Using a sieve is a little trickier: one approach is to start with some estimated upper bound (like double the absolute lower bound), look for a valid prime. If one isn't found, double the upper bound and start again. The primes_from method allows for saving a little bit of work: we can start iterating from an arbitrary point in the sequence, such as the lower bound.

let p;
let mut lower_bound = 1 << (27 + 1);
loop {
    // our upper bound is double the lower bound
    let sieve = primal::Sieve::new(lower_bound * 2);
    if let Some(p_) = sieve.primes_from(lower_bound).find(|p| check(*p)) {
        p = p_;
        break
    }
    lower_bound *= 2;
}
println!("the prime is {}", p);

This takes around 3.5 seconds to print the same number. Slower than the iterator!

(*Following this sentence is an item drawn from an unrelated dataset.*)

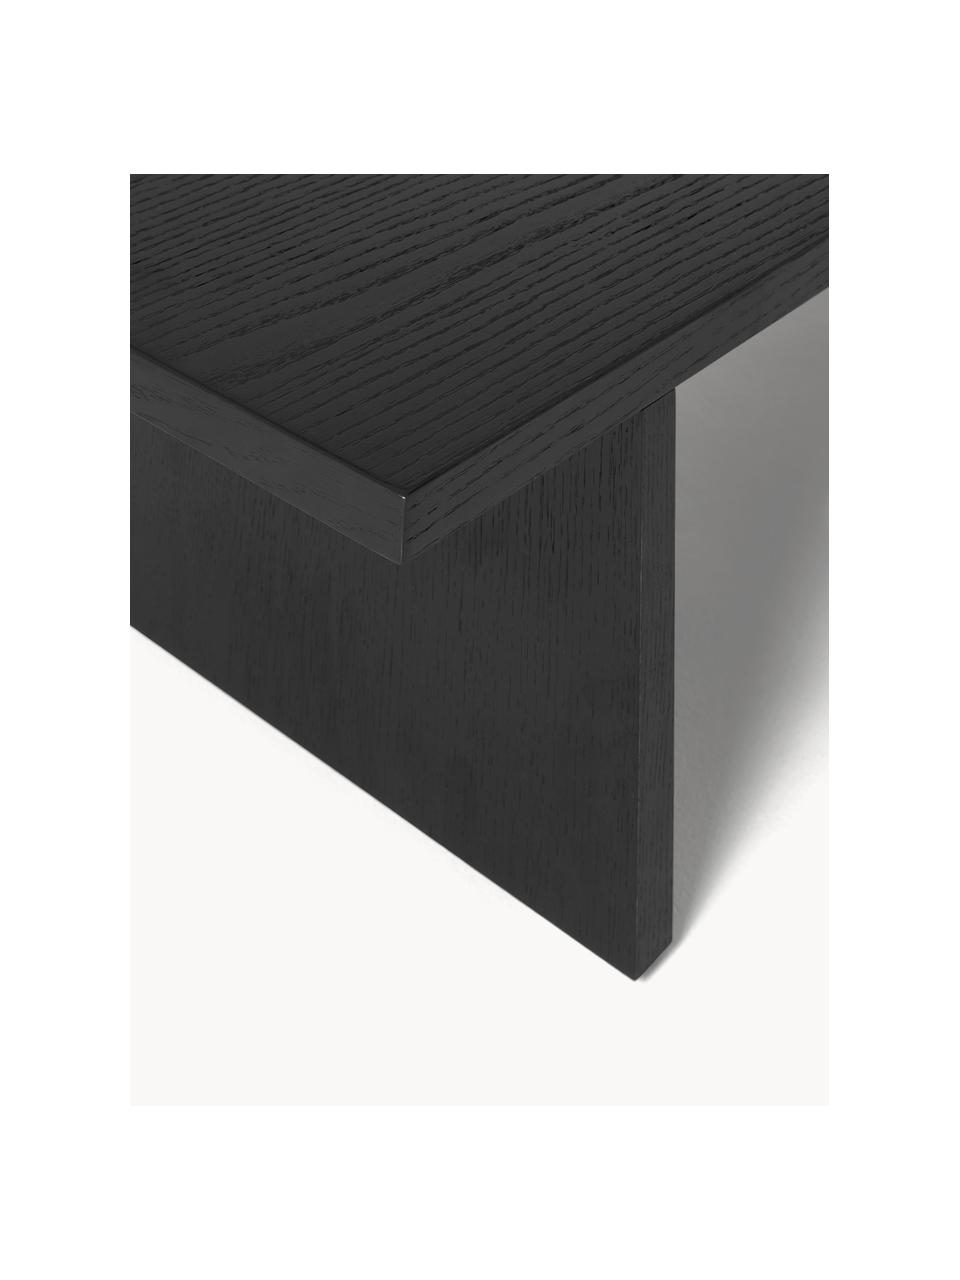 Nízký dřevěný konferenční stolek Toni, Lakovaná dřevovláknitá deska střední hustoty (MDF) s dubovou dýhou

Tento produkt je vyroben z udržitelných zdrojů dřeva s certifikací FSC®., Lakovaná černá dubová dýha, Š 120 cm, V 25 cm

I was just using this silly condition as an example of something that doesn't have an obvious upper bound, rather than a problem that is hard to do fast. There's a much faster way to tackle it, by inverting the problem: construct numbers that satisfy check, and check the primality of those.

The numbers that satisfy check are k * (1 << (27 + 1)) + 1 for k >= 1, so the only hard bit is testing primality. Fortunately, primal offers the is_prime function which is an efficient way to do primality tests, even of very large numbers.

let mut p = 0;
for k in 1.. {
    p = k * (1 << (27 + 1)) + 1;
    if primal::is_prime(p) { break }
}
println!("the prime is {}", p);

This takes 6 microseconds: more than 500,000× faster than the iterator!

Structs

Primes

An iterator over all primes.

Sieve

A heavily optimised prime sieve.

SievePrimes

An iterator over the primes stored in a Sieve instance.

StreamingSieve

A heavily optimised prime sieve.

Functions

as_perfect_power

Returns integers (y, k) such that x = y^k with k maximised (other than for x = 0, 1, in which case y = x, k = 1).

as_prime_power

Return Some((p, k)) if x = p^k for some prime p and k >= 1 (that is, including when x is itself a prime).

estimate_nth_prime

Gives estimated bounds for pn, the nth prime number, 1-indexed (i.e. p1 = 2, p2 = 3).

estimate_prime_pi

Returns estimated bounds for π(n), the number of primes less than or equal to n.

is_prime

Test if n is prime, using the deterministic version of the Miller-Rabin test.